The effect of various D₂ injection rates at the midplane and the impact on carbon (C) plasma impurity concentrations (%) and intra-edge localized mode (ELM) tungsten (W) erosion in the Small Angle Slot V-Shaped W (SAS-VW) divertor has been studied in the DIII-D tokamak. D_α (656.19 nm), WI (400.9 nm), and CIII (465 nm) filterscopes and Langmuir probes were used to determine deuterium (D) and C fluxes incident to the divertor, along with gross W erosion rates. The Free Stream Recycling Model (FSRM) vastly overpredicts intra-ELM W erosion using experimental parameters and may further overpredict intra-ELM W erosion for plasma shots with a higher C %. To correct the FSRM predictions, we incorporate a near-surface mixed-material C/W layer by multiplying the estimated fractional W concentration at the divertor.
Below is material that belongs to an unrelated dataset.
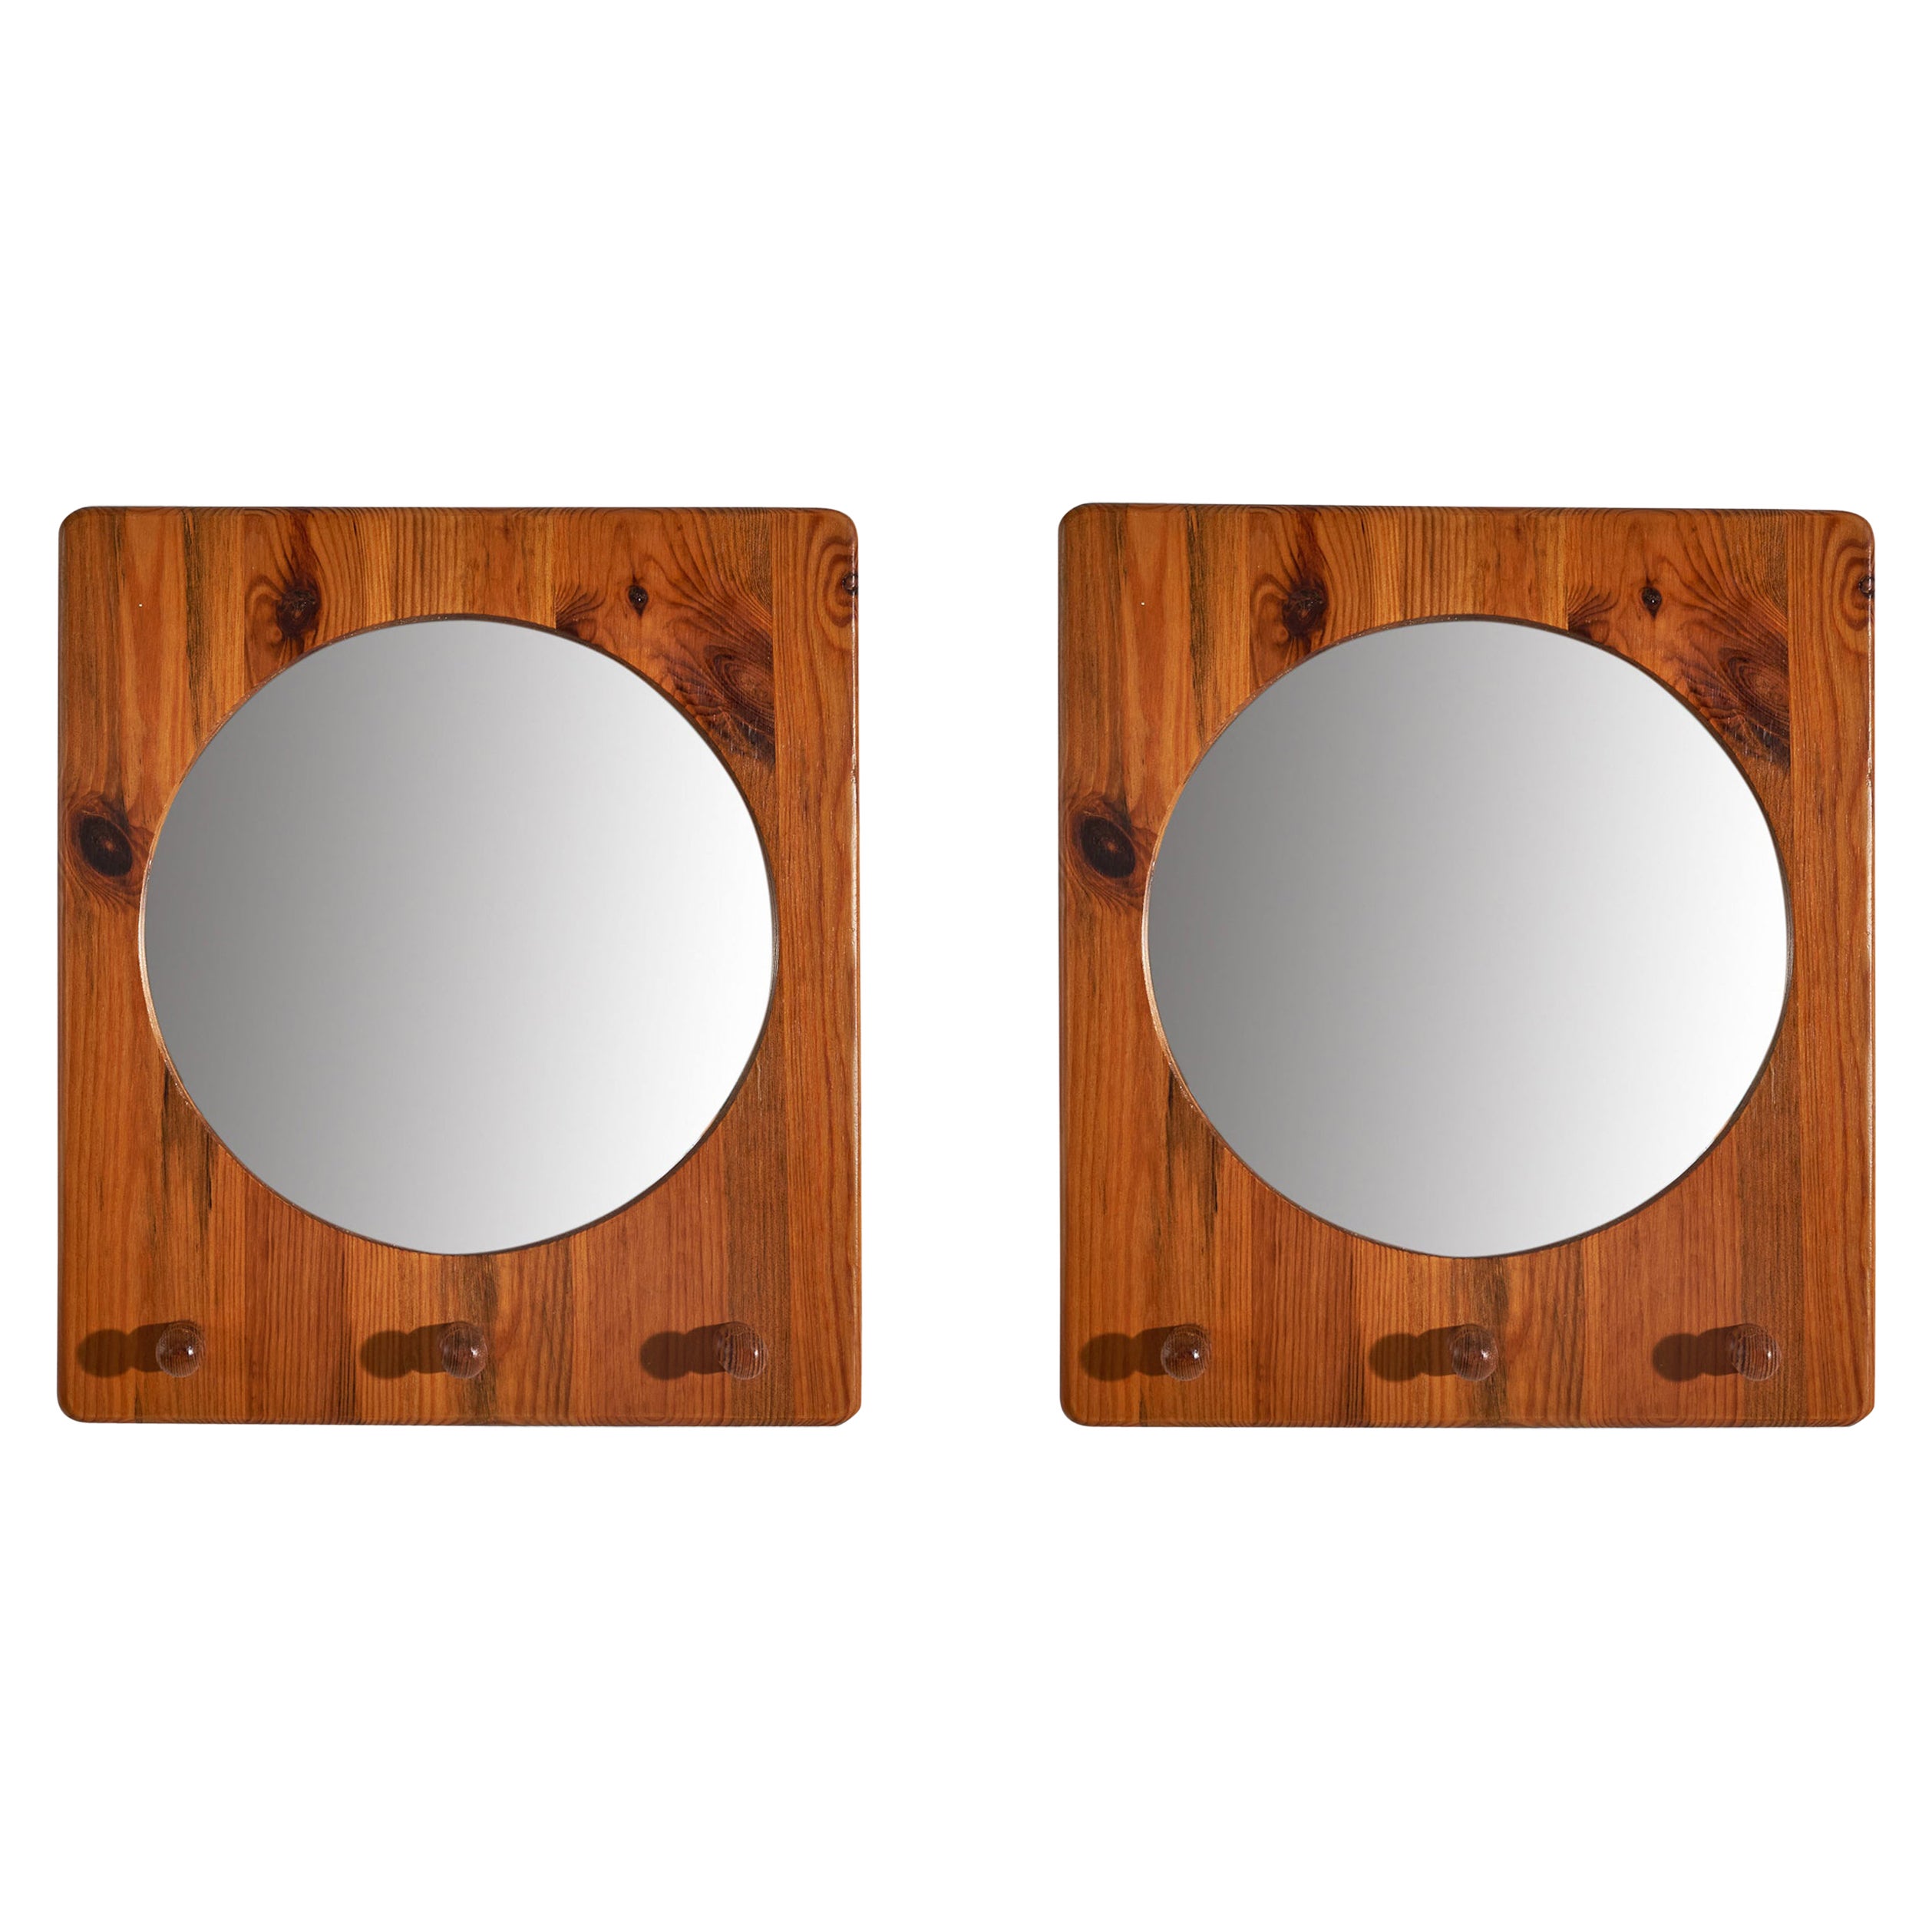 Stig Johnsson, Pair of Wall Mirrors, Pine, Sweden, 1970s

C ion-W material interactions computed by binary collision codes (RustBCA and SD.TRIM.SP) obtain C/W model sputtering and reflection coefficients at various C ion impact energies and angles, shown to have a large effect on the divertor C deposition and gross W erosion predictions. By coupling sputtered and reflected C distributions to GITR plasma transport codes, we provide novel estimations of the recycling C impact angle and consequent C coverage of the W divertor during ELMs.